-- Material shown --
----

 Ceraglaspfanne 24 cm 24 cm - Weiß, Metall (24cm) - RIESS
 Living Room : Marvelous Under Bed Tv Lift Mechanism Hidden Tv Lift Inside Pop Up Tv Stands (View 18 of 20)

----

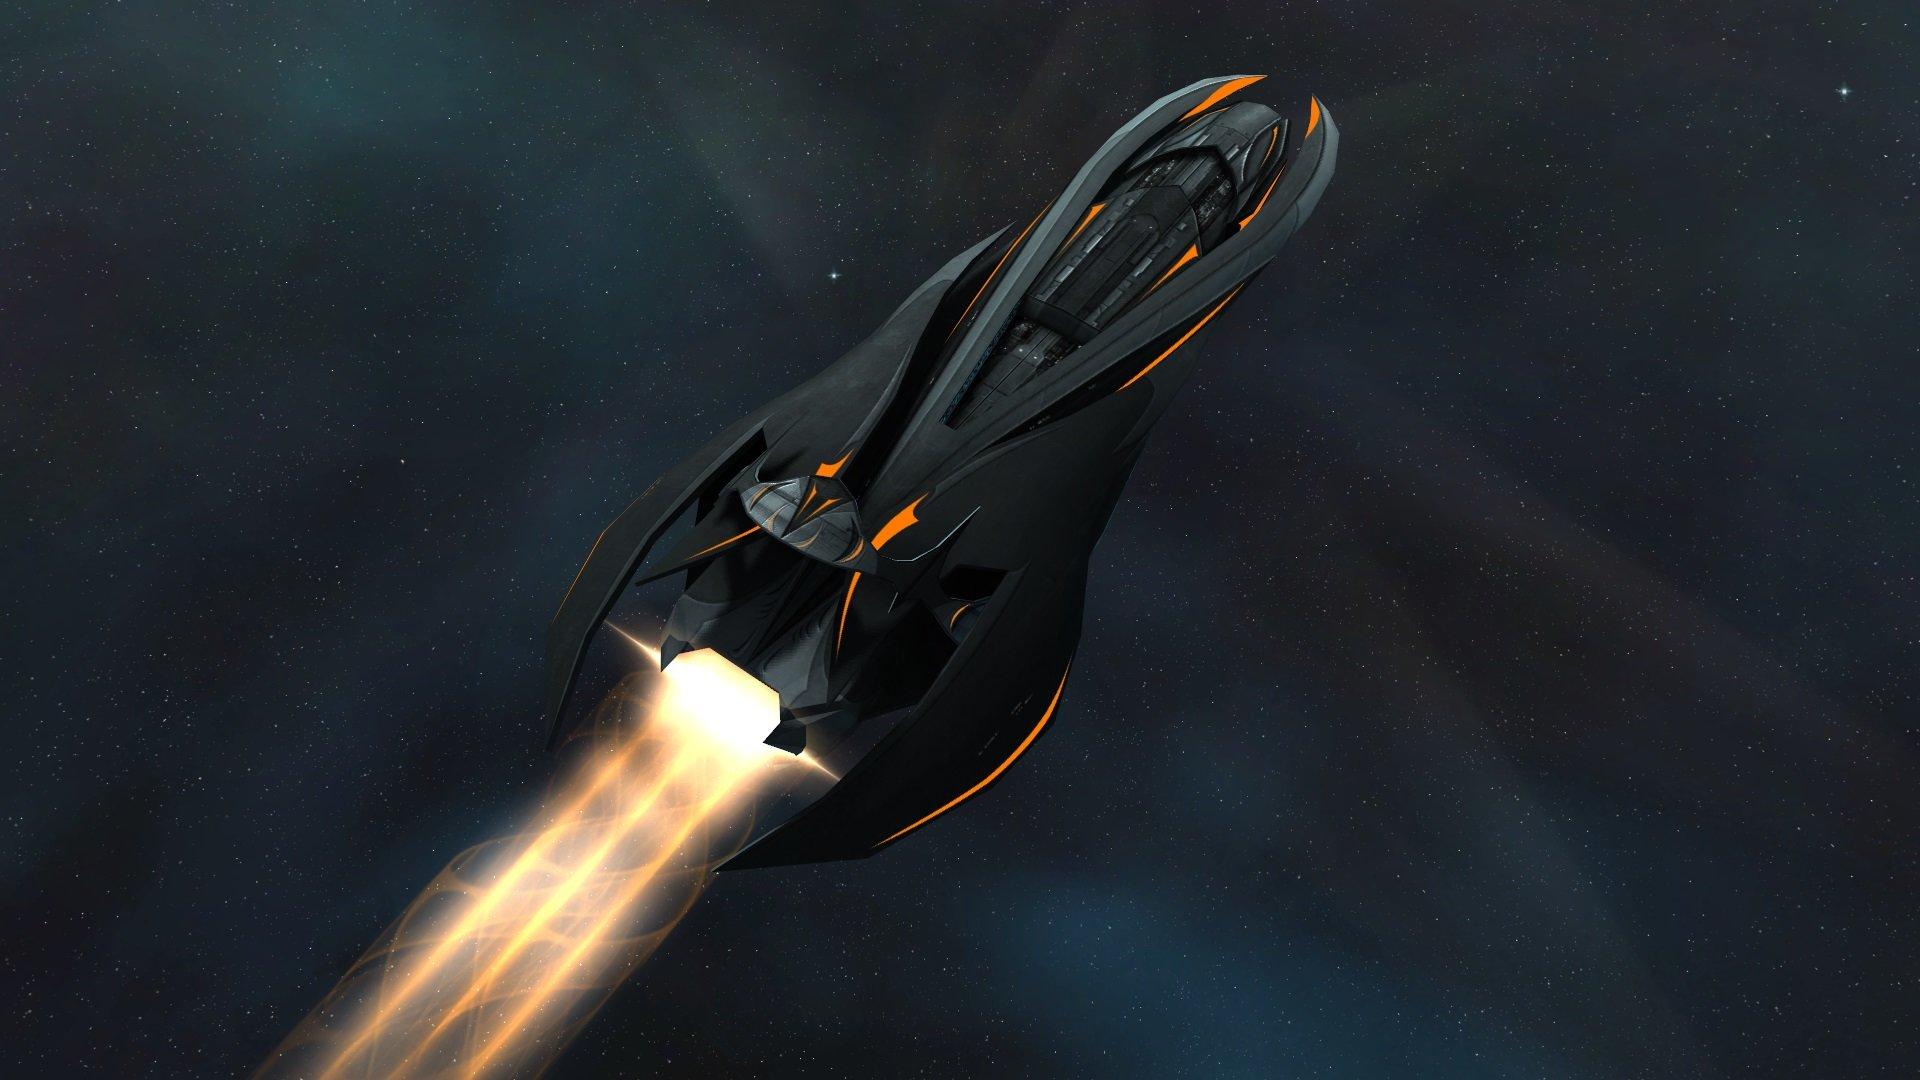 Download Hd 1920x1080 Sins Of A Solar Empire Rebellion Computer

----

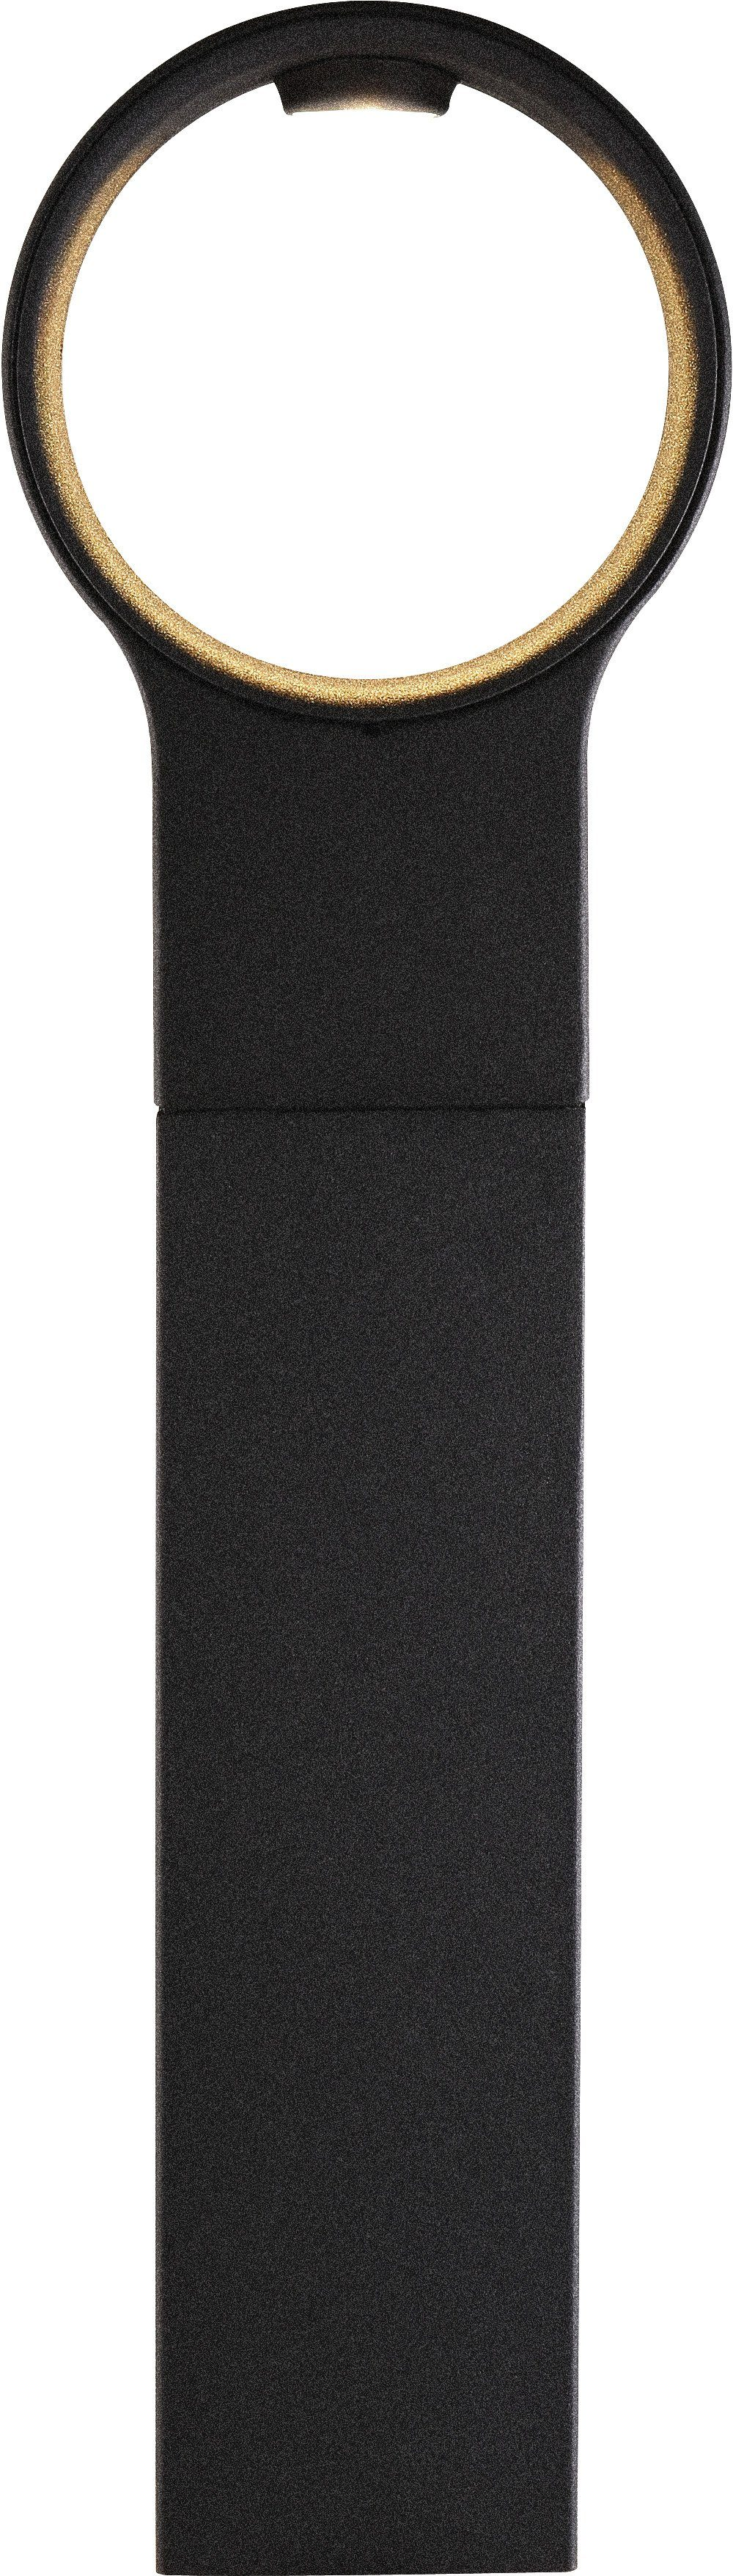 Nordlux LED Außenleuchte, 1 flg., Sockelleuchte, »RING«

----

-- What is expected --
Please transcribe only the lines in the records above running from the line that has "Ceraglaspfanne 24 cm" through the line that has "Living Room : Marvelous", both included, exactly as they appear.

-- Solution to this exercise --
 Ceraglaspfanne 24 cm 24 cm - Weiß, Metall (24cm) - RIESS
 Living Room : Marvelous Under Bed Tv Lift Mechanism Hidden Tv Lift Inside Pop Up Tv Stands (View 18 of 20)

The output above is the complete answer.